In recent years, Step-Down Tests (SDTs) are being increasingly used for diagnosing completions effectiveness in plug-and-perf (PnP) fracturing in unconventional wells. SDT is primarily used to quantify pressure drop related to perforation friction, near-wellbore tortuosity (NWBT), and to estimate perforation efficiency (PE) i.e. the fraction of active perforations at the end of a hydraulic fracturing treatment of a stage. In the industry, perforation efficiency is generally considered to be the yardstick for evolving limited entry designs and perforating strategies. In a typical SDT, the injection flowrate is reduced in 3 to 4 abrupt steps, each of duration long enough for the rate and pressure to stabilize, to enable interpretation of the rate and pressure response. However, simple as it may appear to be, the interpretation of SDT as a stand-alone diagnostic test has several assumptions and inherent non-uniqueness that are often ignored. This paper presents integrated data, diagnostics, and analysis from multiple completion types across multiple basins that demonstrates the methodology and uncertainties associated with SDT analysis.

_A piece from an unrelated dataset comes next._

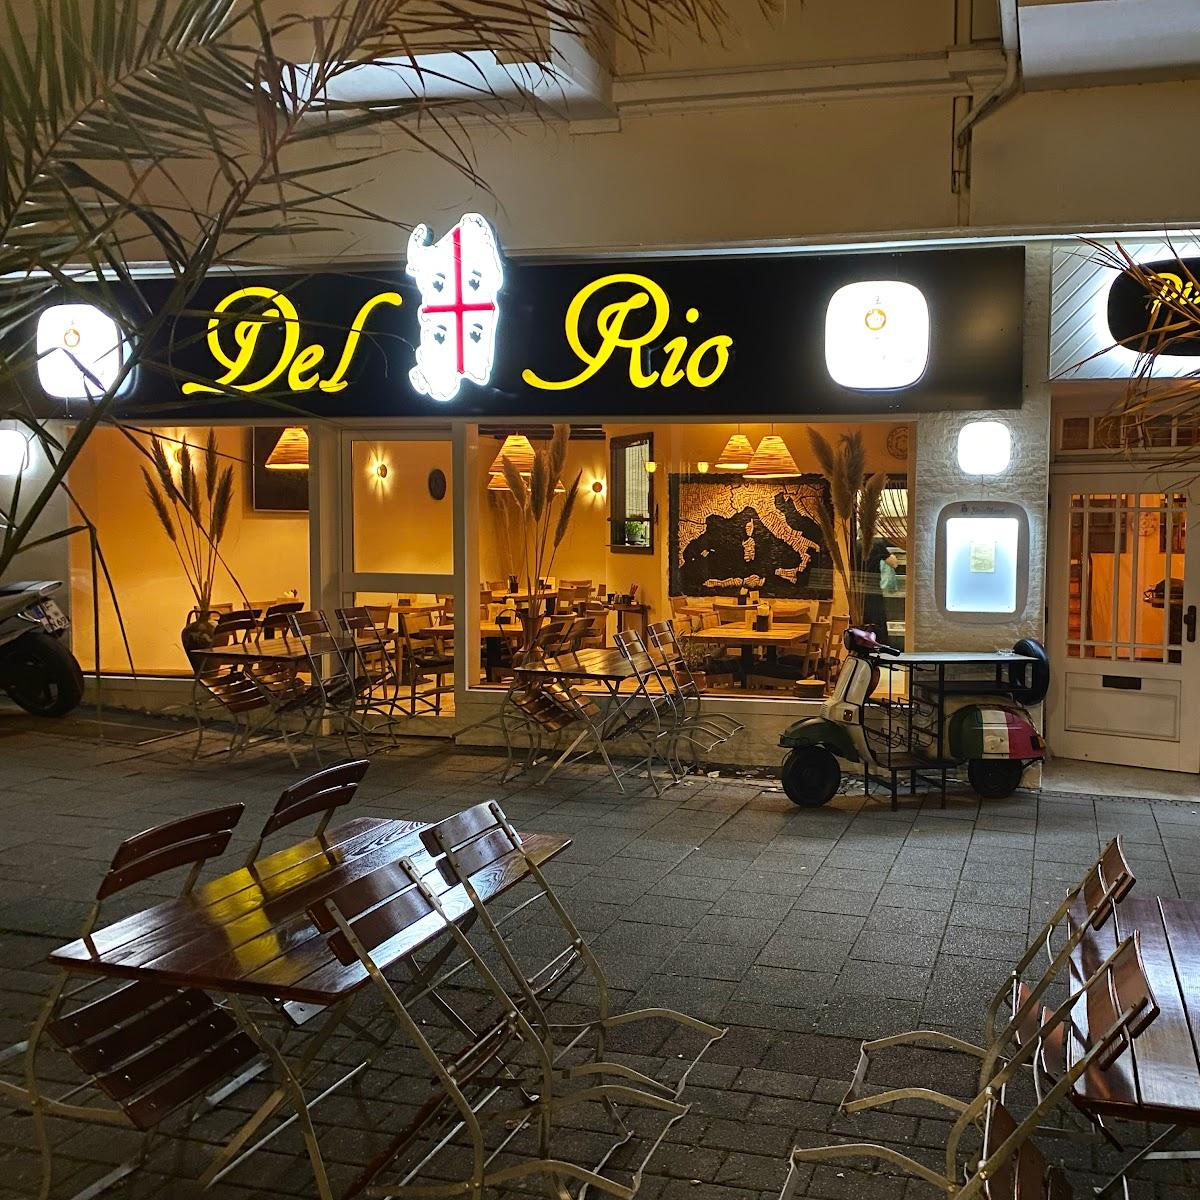 Restaurant "Del Rio" in Bad Oeynhausen

In this paper, the SDT methodology was applied to 2 wells with different completion styles, and the interpretation was supplemented with fiber optics and bottomhole pressure gauges (BHPG). In the first well, SDTs were conducted on multiple stages of a cemented single-point entry (CSPE) sleeve completion that had well-defined, erosion-resistant openings to reduce uncertainties in the “perforation” pressure drop solution. In the second example, SDTs were conducted on multiple stages of a PnP well. Each PnP stage had two SDTs – one was conducted post pad but before proppant and another at the end of entire treatment, both with clean fluids.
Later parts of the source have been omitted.